Commit Graph

87 Commits

Author SHA1 Message Date
Matthew Honnibal
5bebbf7550
Python 3.13 support (#13823)
In order to support Python 3.13, we had to migrate to Cython 3.0. This caused some tricky interaction with our Pydantic usage, because Cython 3 uses the from __future__ import annotations semantics, which causes type annotations to be saved as strings.

The end result is that we can't have Language.factory decorated functions in Cython modules anymore, as the Language.factory decorator expects to inspect the signature of the functions and build a Pydantic model. If the function is implemented in Cython, an error is raised because the type is not resolved.
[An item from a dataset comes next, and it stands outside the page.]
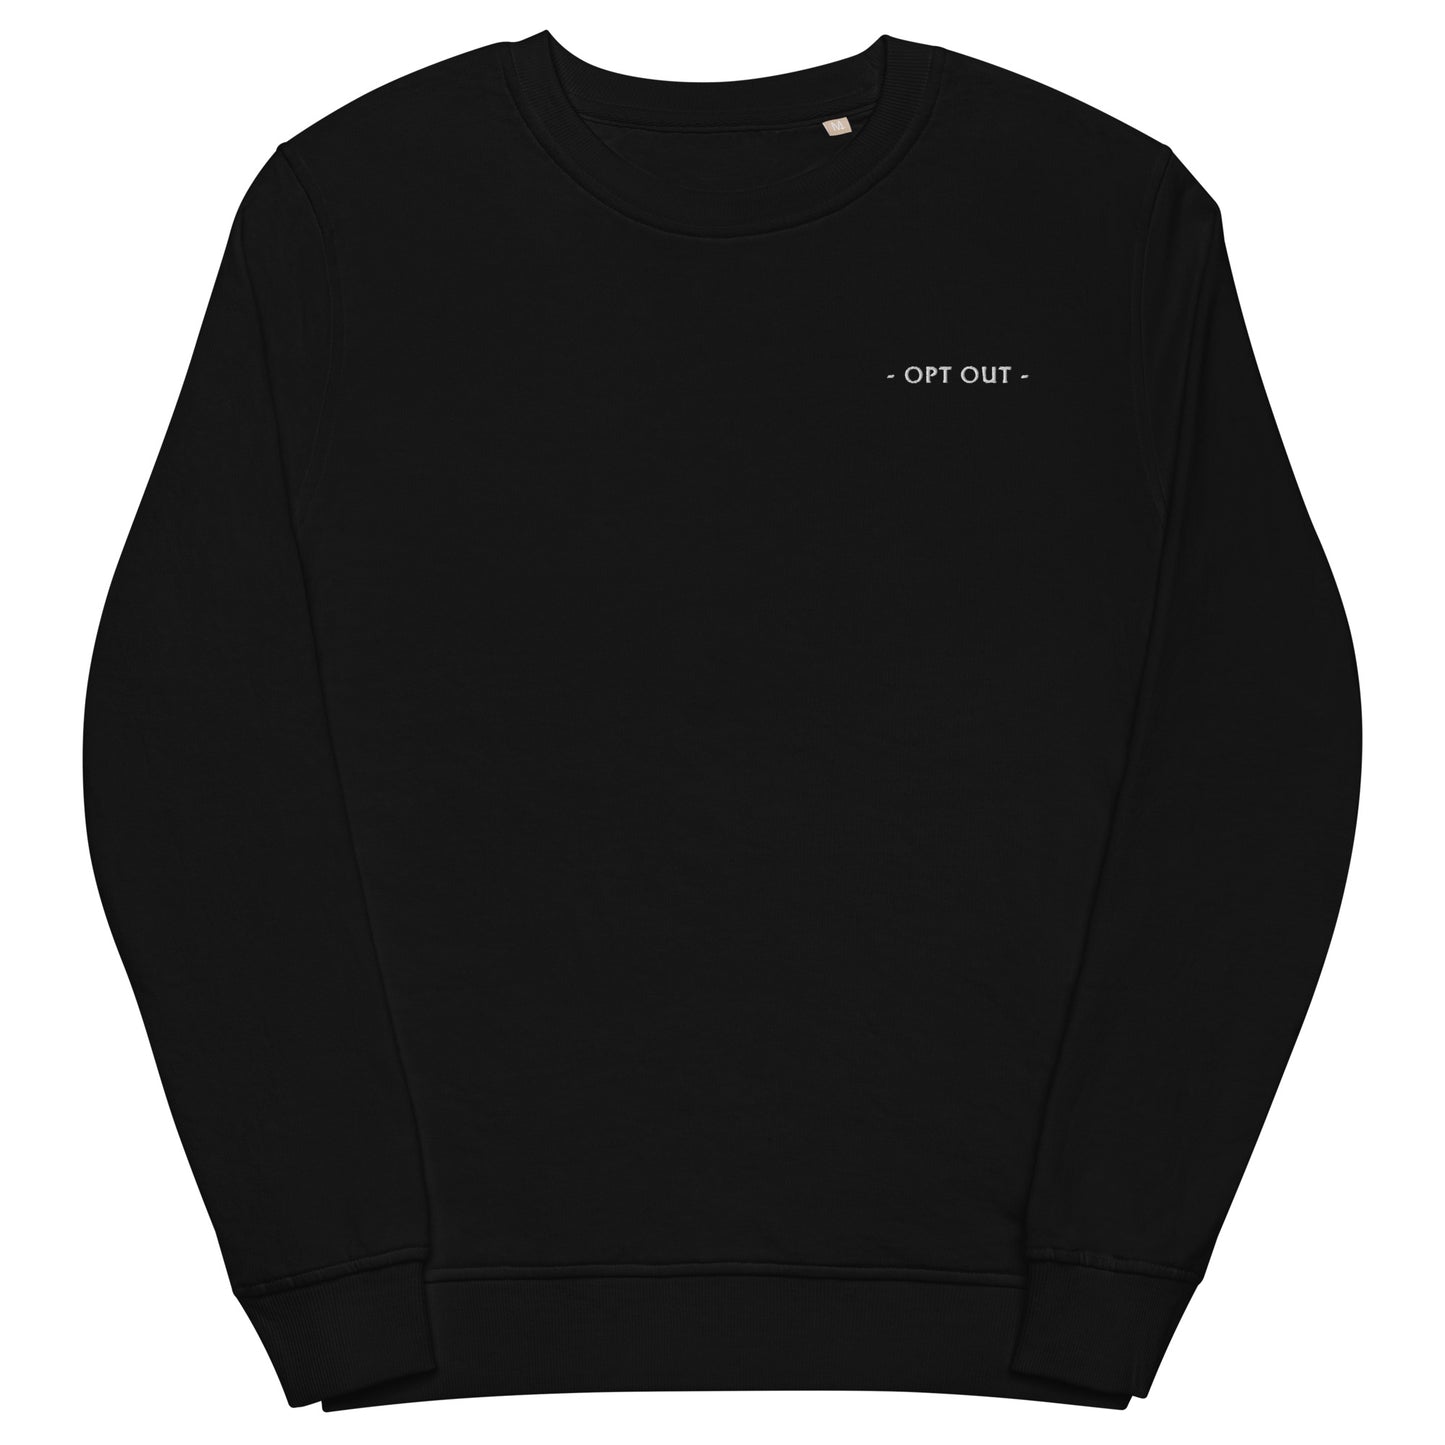 Opt Out - Another Sleepless Night Sweatshirt
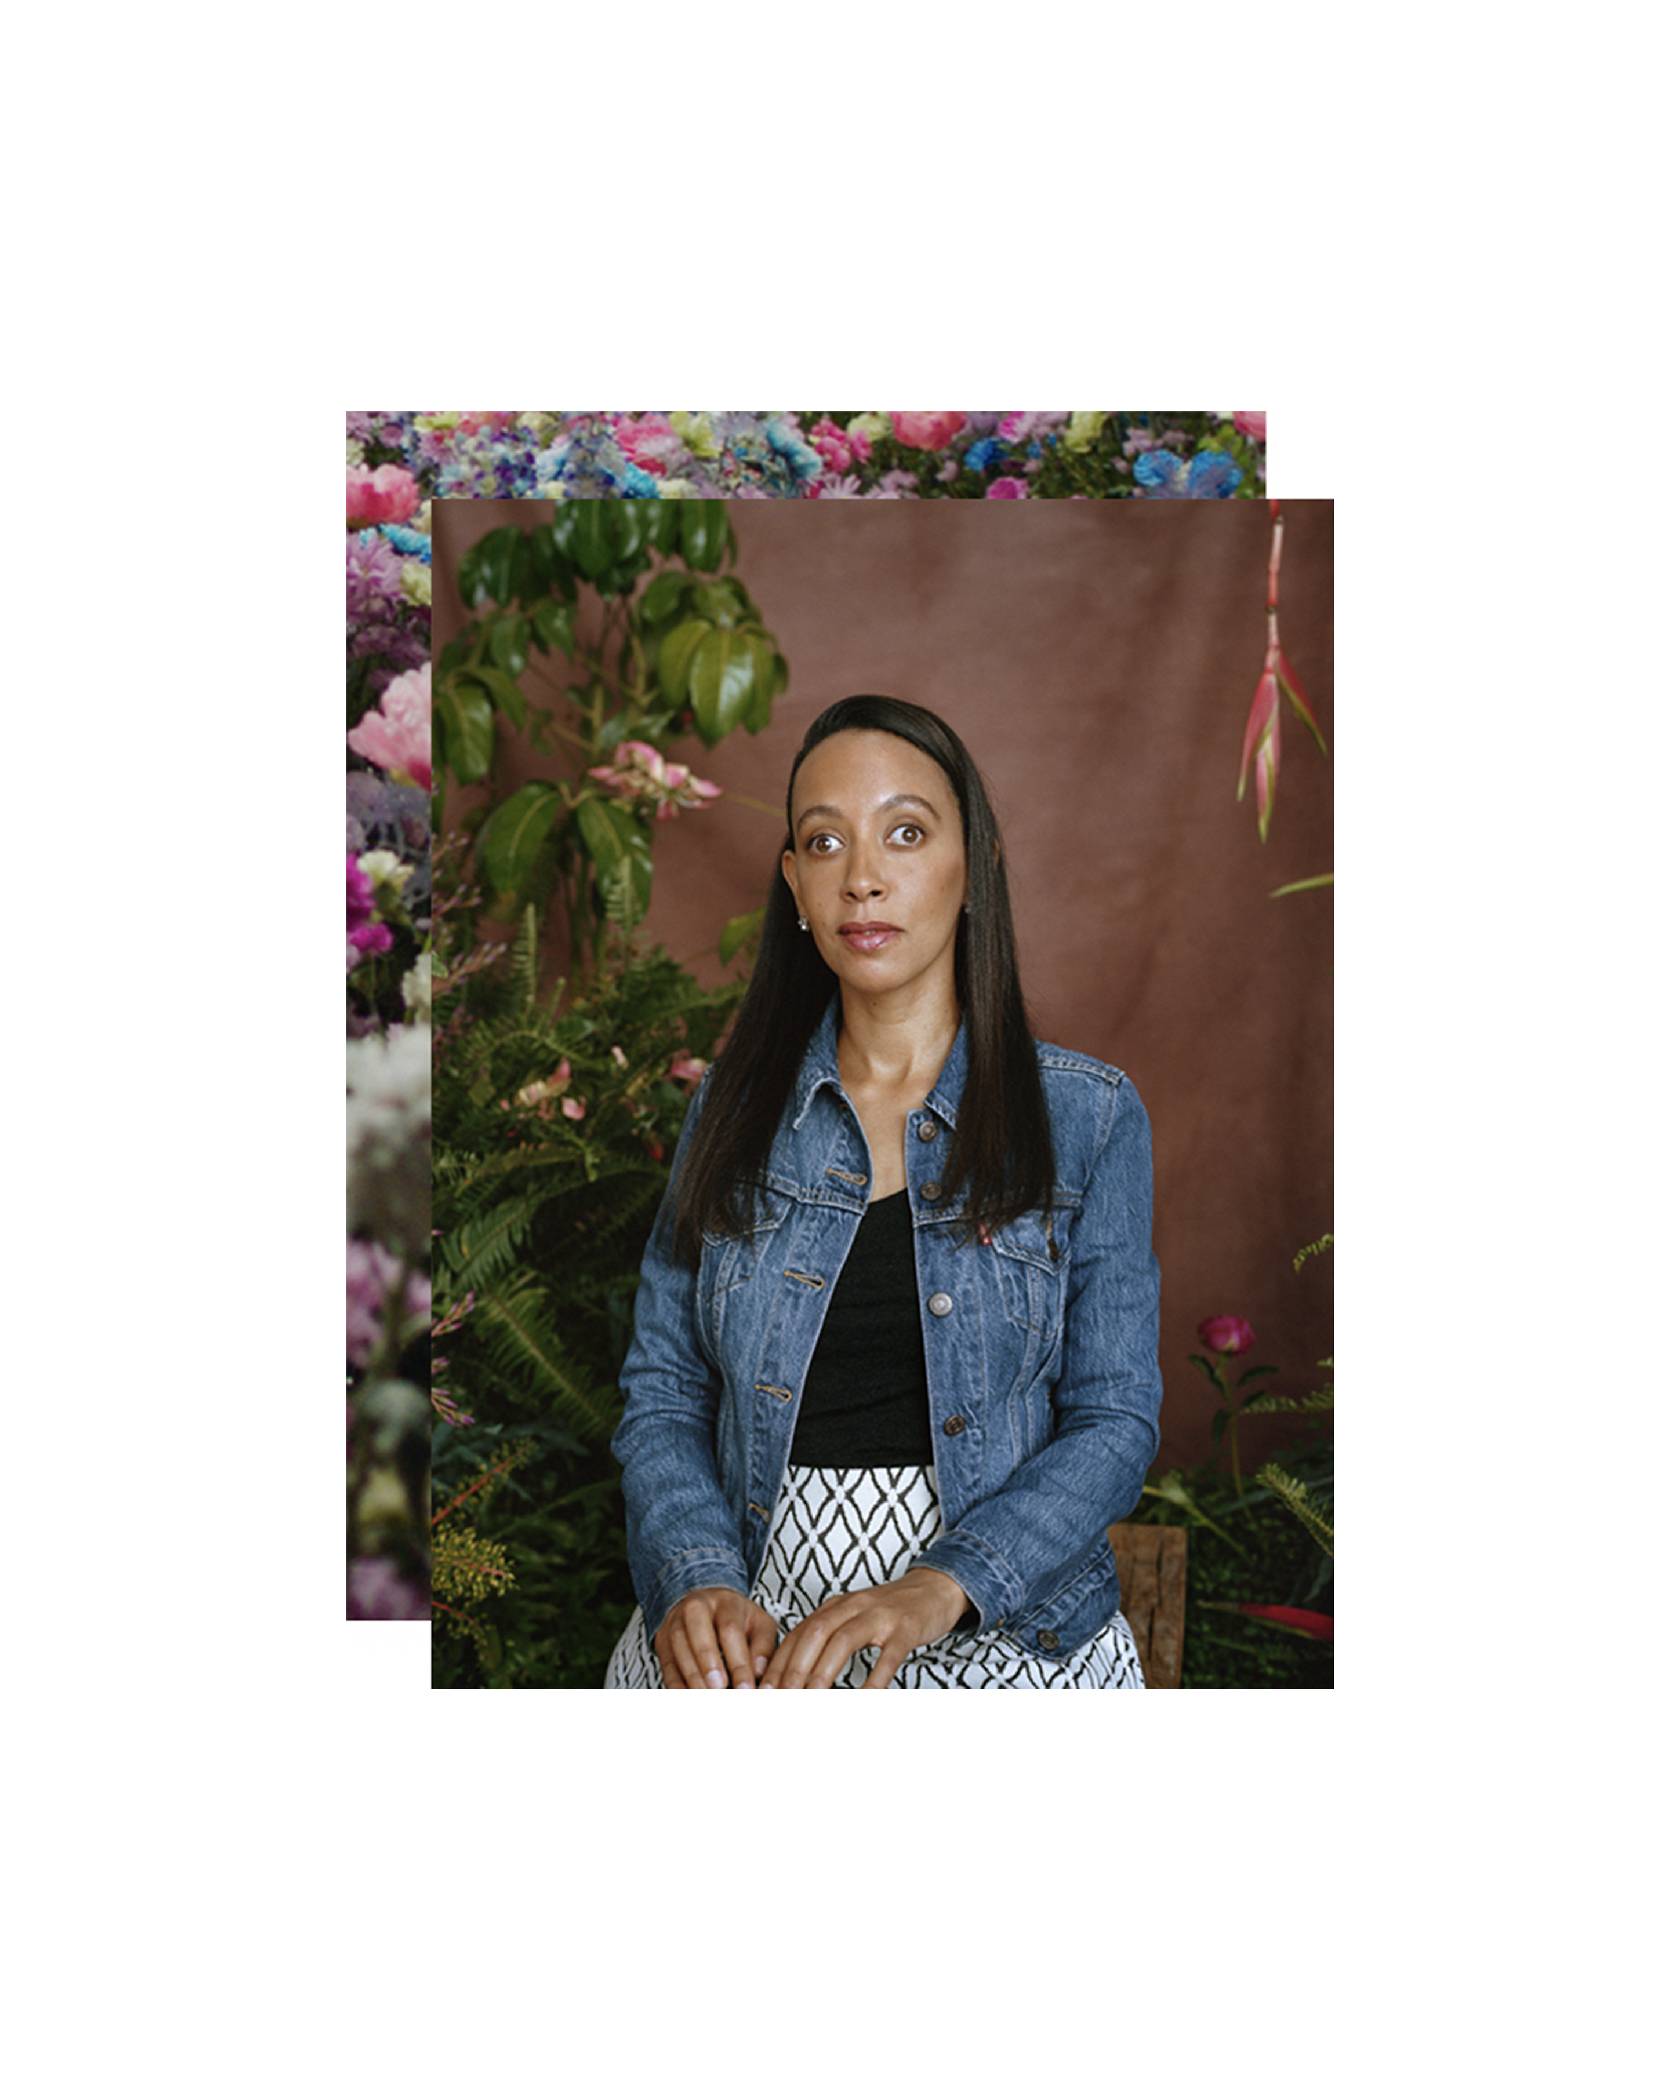 A portrait shot of Haben Girma wearing a jean jacket and white skirt

To address this I've moved the factory functions into a new module, spacy.pipeline.factories. I've added __getattr__ importlib hooks to the previous locations, in case anyone was importing these functions directly. The change should have no backwards compatibility implications.

Along the way I've also refactored the registration of functions for the config. Previously these ran as import-time side-effects, using the registry decorator. I've created instead a new module spacy.registrations. When the registry is accessed it calls a function ensure_populated(), which cases the registrations to occur.

I've made a similar change to the Language.factory registrations in the new spacy.pipeline.factories module.

I want to remove these import-time side-effects so that we can speed up the loading time of the library, which can be especially painful on the CLI. I also find that I'm often working to track down the implementations of functions referenced by strings in the config. Having the registrations all happen in one place will make this easier.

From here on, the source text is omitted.